Evaluating CDR(NN) Models

This package provides several utilities for inspecting and evaluating fitted CDR models. The principal evaluation utility is predict. The following generates predictions on test data from the model CDR_A defined in experiment.ini::

python -m cdr.bin.predict experiment.ini -m CDR_A -p test

This call will save files containing elementwise predictions, errors, and likelihoods, along with a performance summary. For more details on usage, run::

python -m cdr.bin.predict -h

Once predict has been run for multiple models, statistical model comparison (permutation test) can be performed using compare, as shown::

python -m experiment.ini -p test

The above call will permutation test pairwise differences in mean squared error on test data for all unique pairs of models defined in experiment.ini.

In addition to these core utilities, convolve convolves the input predictors using the fitted CDR data transform and saves the data table, and make_plots generates IRF plots with basic customization as permitted by the command line arguments.

CDR(NN) Model Comparison

Two or more CDR(NN) models can be statistically compared using bootstrap testing (specifically, paired permutation tests).
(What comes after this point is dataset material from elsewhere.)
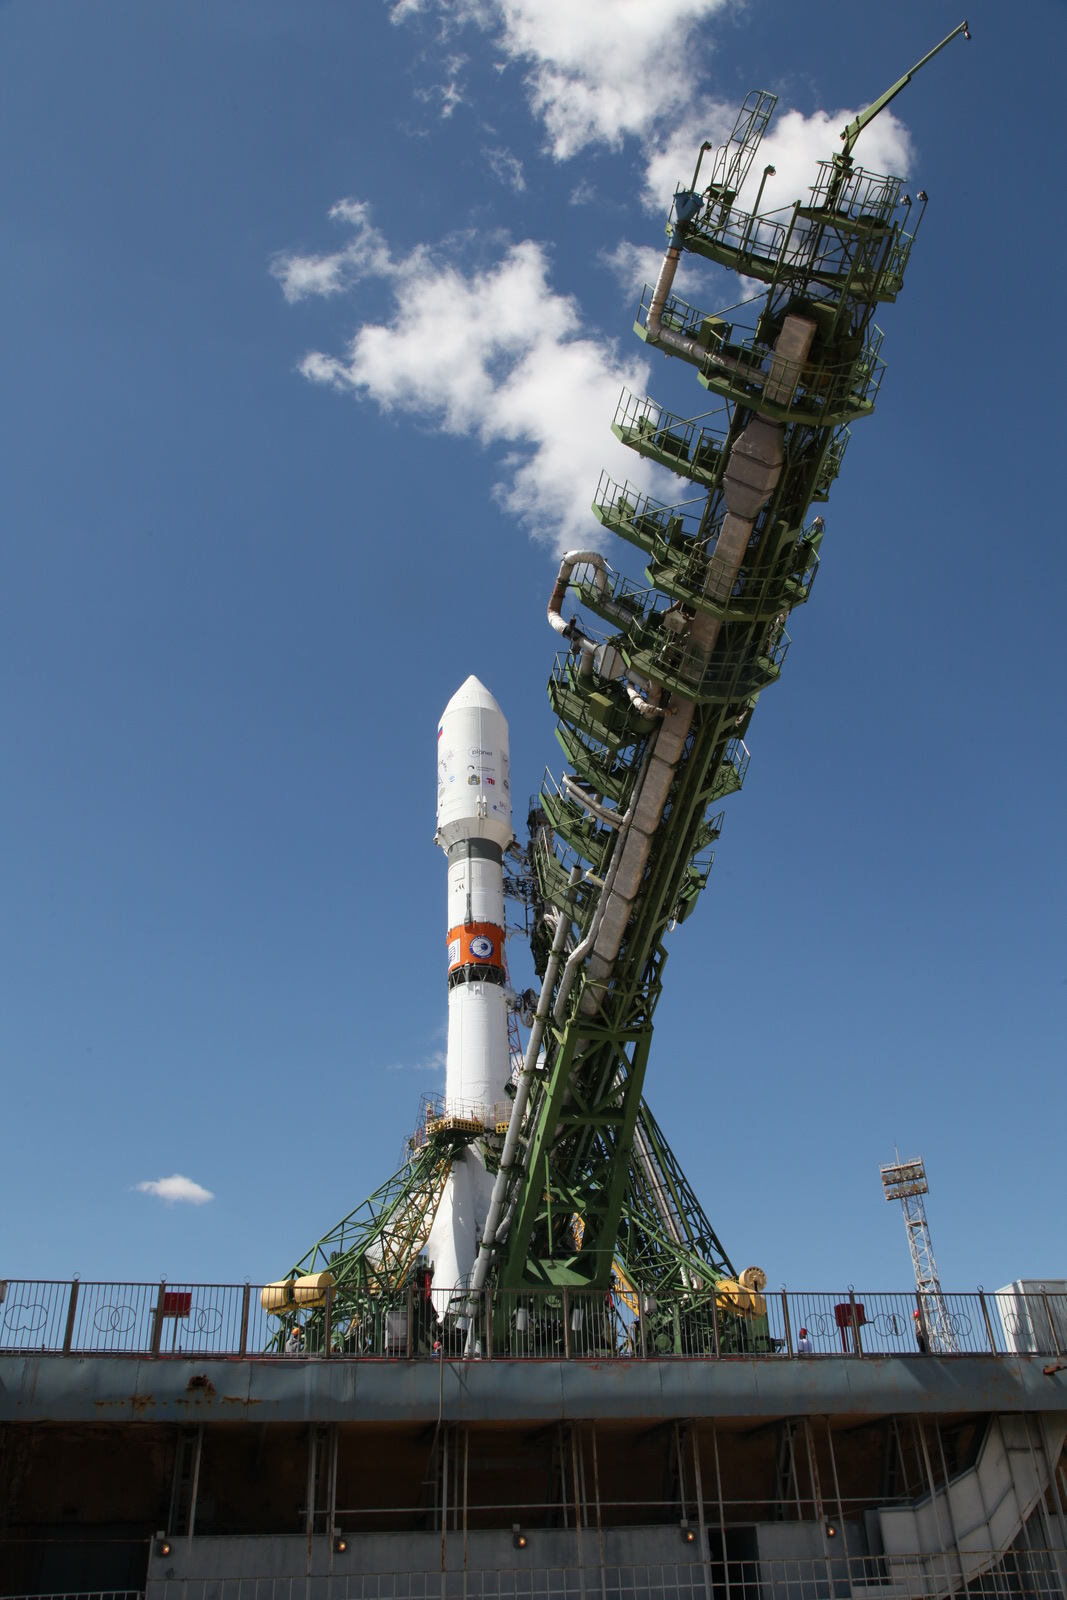 Launch of Soyuz 2.1a launch vehicle with 73 satellites - Space, Union, Rocket, Start, Baikonur, Video, Longpost

This repository provides utilities to support this. To compare models CDR_A and CDR_B using a mean squared error test statistic on the test partition designated in the *.ini file, run:

python -m experiment.ini -m CDR_A CDR_B -M err -p test

Models can also be compared using a likelihood difference test statistic:

python -m experiment.ini -m CDR_A CDR_B -M loglik -p test

If you specified ablations within the model definition using the ablate keyword (see CDR Configuration Files), you can test all single-variable nested ablations in a config file as follows:

python -m experiment.ini -a -M loglik -p test

A separate utility (ct) is also provided to permutation test the difference in correlation between true and predicted responses:

python -m cdr.bin.ct experiment.ini -a -p test

The properties of each of these test statistics govern which is most appropriate to use. Error-based tests are useful for comparing qualitatively different models whose likelihood functions are either not available or not directly comparable (e.g. CDR vs. LME). Likelihood-based tests are useful for comparing CDR models with non-normal error (e.g sinh-arcsinh). Correlation-based tests are useful when the primary emphasis is on the strength of linear relationship between predictions and response, abstracting away from shift and scale.

Full usage for these bootstrapping utilities can be viewed by running:

python -m pt ct